The direct numerical simulation of solid-liquid flows is a computational challenge that has received much attention recently. Such problems are of interest in modeling of environmental systems and industrial applications like oil refining. The use of iterative solution methods in these problems is mandated by the enormous size of the resulting linear systems.
We present a domain decomposition solution technique for two-dimensional solid-liquid flows. This approach makes use of PSPARSLIB, a portable library for the parallel solution of linear systems. The main concerns in this problem are how to perform domain decomposition in the presence of the particles and how to precondition the resulting linear systems. This work concentrates on partitioning strategies.
Domain decomposition is hindered in this case by the presence of the particles. The density of the unstructured mesh tends to follow the particles. The technique of overlaying a two-dimensional processor grid over the computational domain will generally provide poor load balancing since the particles can move to any location in the domain and they are frequently packed closely together. In addition, for simulations with large numbers of particles, splitting a particle across subdomains is difficult to avoid. If a particle is shared between too many subdomains, a degradation in the parallel efficiency is observed.
Various techniques to overcome these obstacles are currently being examined. In order to effectively deal with variations in grid density, we have developed a simple one-dimensional partitioning strategy that is effective. The idea is to group the finite elements into bins based on the x-coordinate of the centroid. Once this is done, the elements in each bin are sorted in order of increasing y-coordinate. An approximate number of elements per domain (NED) is computed from the total number of elements and processors. The contents of the bins are then traversed, associating each element with a processor until the accumulated number of elements reaches NED. At this point the processor number is increased and the traversing continues. The benefit of this technique is that it naturally follows the density of the grid. Preliminary experiments indicate that this approach provides partitionings that perform as well as partitionings provided by Metis. While the bin-sorting approach takes more time than Metis, it requires less memory.

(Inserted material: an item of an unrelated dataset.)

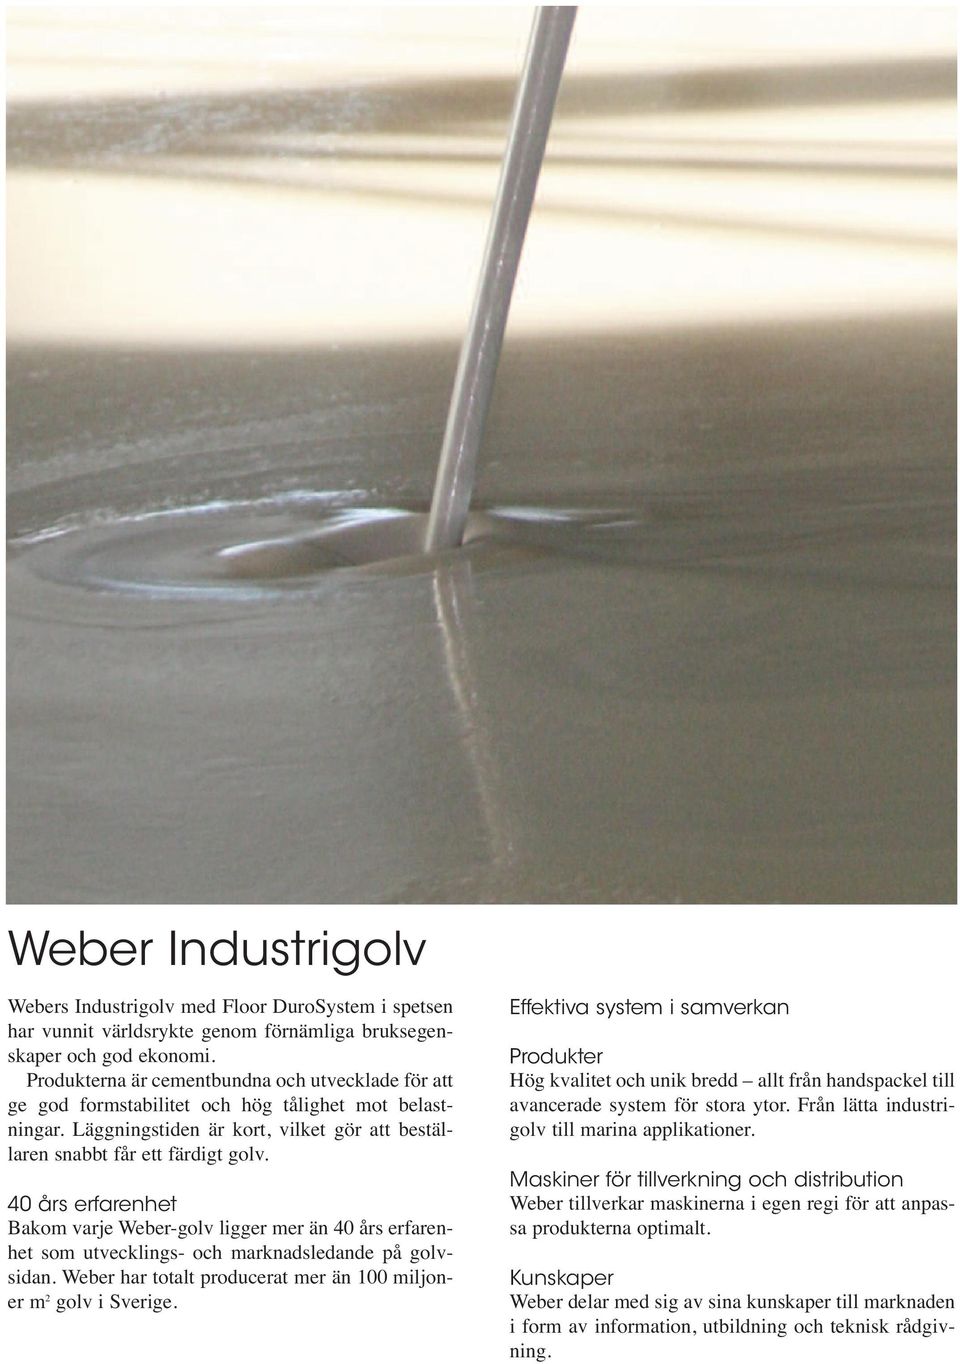 40 års erfarenhet Bakom varje Weber-golv ligger mer än 40 års erfarenhet som utvecklings- och marknadsledande på golvsidan. Weber har totalt producerat mer än 100 miljoner m 2 golv i Sverige.
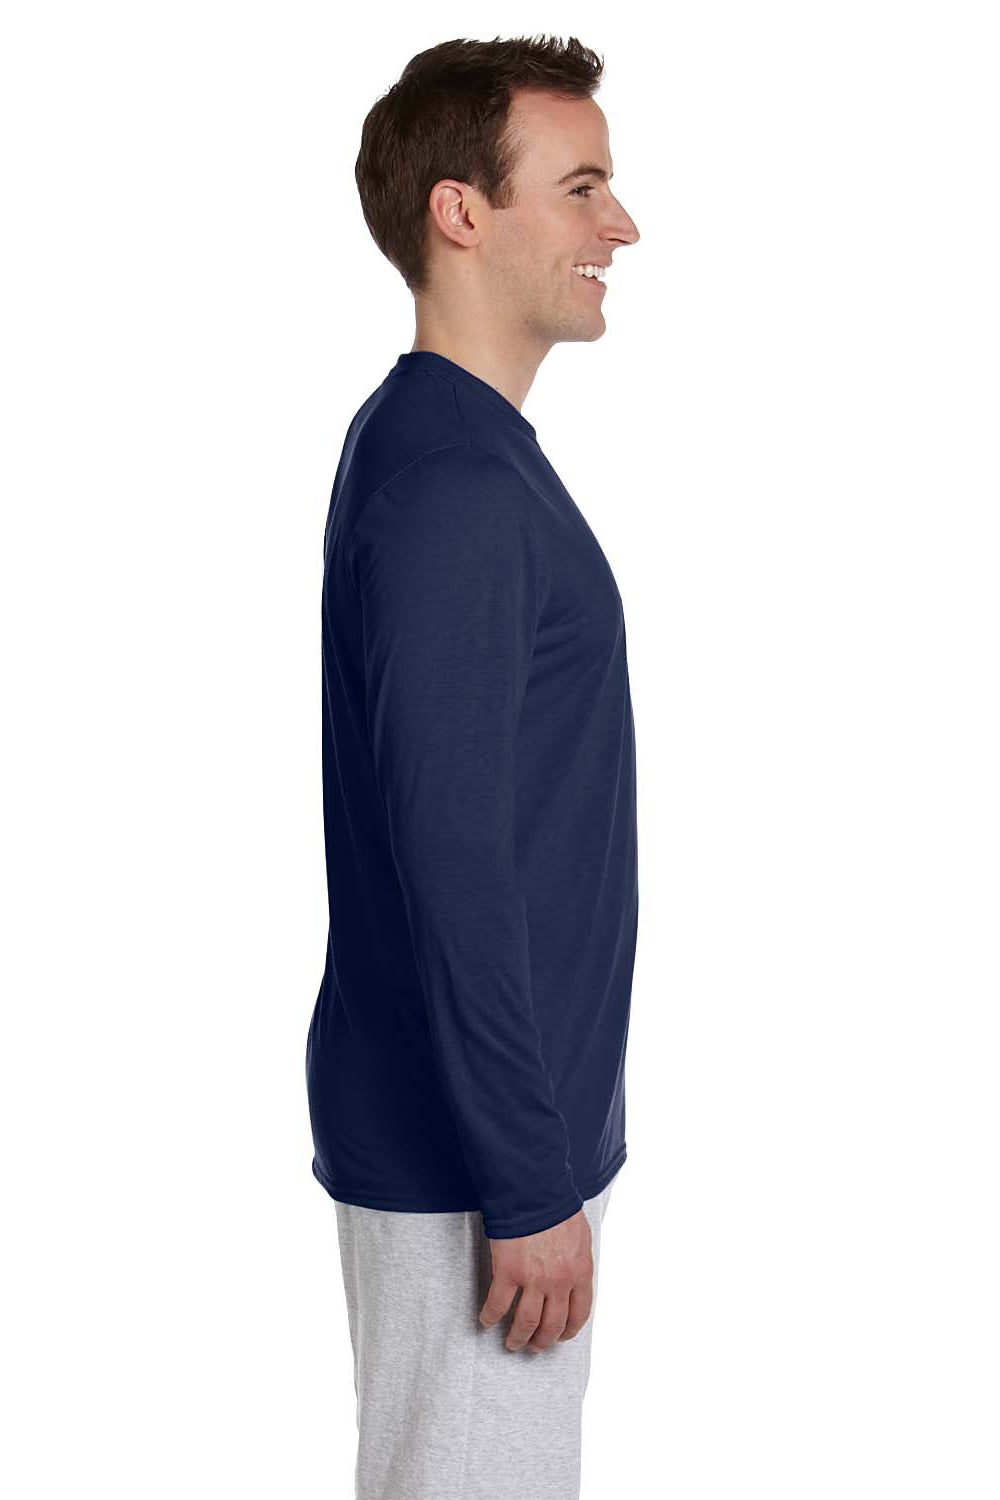 Gildan G424 Mens Performance Jersey Moisture Wicking Long Sleeve Crewneck T-Shirt Navy Blue Side

Another obstacle is how to account for the presence of the particles. The current particle simulator uses a projection technique developed by Maury and Glowinski. This results in a symmetric saddle point problem with a positive definite matrix in the (1,1) block. However, the projection step requires information about the particle and all finite elements connected to it. When particles are closely packed, there are usually no elements between particles, hence, a given particle may require information from many adjacent particles in addition to all the associated elements. A large amount of data will need to be communicated should a particle be split between two or more subdomains. This can degrade speed-up and scalability. We are examining several approaches to particle distribution. The first is to create a layer of structured elements on each particle to ensure that there is always at least one fluid element between particles. This allows a particle to be isolated on one processor and eliminates the need to communicate information directly between particles, but also increases the mesh density. The second idea is, should a particle be split between two or more subdomains, to duplicate the particle and all elements attached to it on each of the subdomains. The reduces the amount of data that must be communicated during the assembly of the local matrices, but also increases the amount of overlap between domains. The last idea is a generalization of the previous one. Rather than overlap the particles and elements, only the particle centers are overlapped. This necessitates some communication while assembling the local matrices, but greatly reduces the amount of overlap. The preliminary experiments indicate that of these, the second option performs best.
A variant of PSPARSLIB is used to solve the linear systems. The two solution approaches we have attempted so far are an Additive Schwarz algorithm with ILUT preconditioning on each subdomain and a Schur complement technique. The latter approach consists of an Additive Schwarz algorithm on the nodes that are interior to each processor and a GMRES iteration on the interface unknowns.
We will present results comparing the effectiveness of these partitioning strategies.
This work is supported by NSF under NSF grant NSF/CTS 9873236 and by the Minnesota Supercomputing Institute.